Many jets have flown overhead in the last couple of days, the most since I’ve been here. More than any of the other volunteers can remember, it seems. They come and go every day, but since yesterday their presence has been almost constant. Often they pass faster than sound, and so leave the crack of a sonic-boom in their wake. In most countries, the army has the decency not to fly supersonic jets over civilian airspace, and certainly to not fly them so low. But this isn’t most countries, nor – in the minds of the IDF at least – is the airspace civilian. And so I was woken from my sleep with the latest blast from the latest plane to fly crashing over Nablus. It is disconcerting just how much the boom sounds like a bomb, but the double crack – of the nose and of the tail of the plane – is quite distinctive, and so you just carry on with your day.
Classes continue, and I’m trying to prepare a proposal that will allow me to give lectures and hold debates on global health and social justice. Over the last week many classes have been cancelled due to the university elections, and so much of the talk has been of the partisan politics engulfing Palestine. However, it can be difficult to follow the political situation here; strictly, the volunteers are prohibited from discussing politics with their students. More difficult than this though is that when you do talk to people, often you are confronted by a complete sense of apathy and an unwillingness to talk about the situation. I guess that’s quite understandable... My local guide today – who has just joined the project – was telling me just how ironic he thought the name Project Hope was: he is 22 years old and about to finish a degree in Pharmacy, but with no Jordanian passport he has no hope of leaving the country. From his house in the hills he can see the ocean, but he could never go there; next week it is the festival of Eid ul-Fitr but, here, there is nothing to celebrate. He was 5 years old when the Oslo Accords were signed, and only 12 at the start of the second intifada.

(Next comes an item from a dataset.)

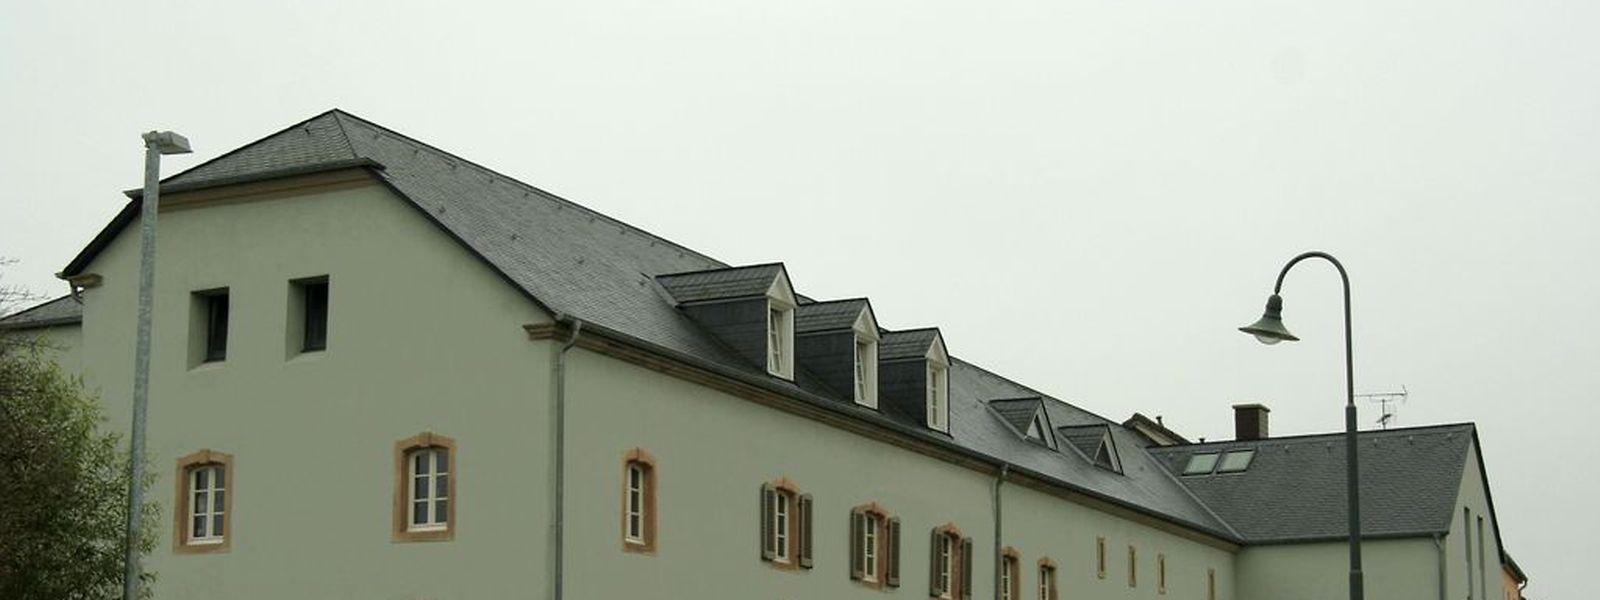 In der ehemaligen Maison Casel sind zurzeit keine weiblichen Häftlinge mehr untergebracht.

In the national context, it is important to remember that democratic elections were held in Palestine in 2006, but the people voted for Hamas, and this was unacceptable for Israel and the US. Heavy sanctions were imposed until governmental power was transferred to Mahmoud Abbas’ Fatah party, which divided the government and undermined the Palestinian position in the peace negotiations. Given the various warring factions, it is difficult to visualise how a stable government – and one that is acceptable to both the Palestinians and the international community – could be formed. Fatah officially controls the West Bank, but are blighted by their continuing failure to end the occupation and their internal corruption; Hamas control the Gaza Strip and enjoy significant support in the West Bank, but are not recognised by the international community, much less by Israel. Further, Fatah have ties to the US whilst Iran has ties to Hamas, and so whilst Iran and the US dispute on the wider international front, they fight by proxy in Palestine: I heard someone liken the the political allegiances to two kids playing on their Playstation, with Hamas and Fatah as the fighting computer characters. Here, though, peoples’ lives are real, and the civilian cost is more than just game points clocked up far away from Washington and Tehran. The jets still roar past in the sky.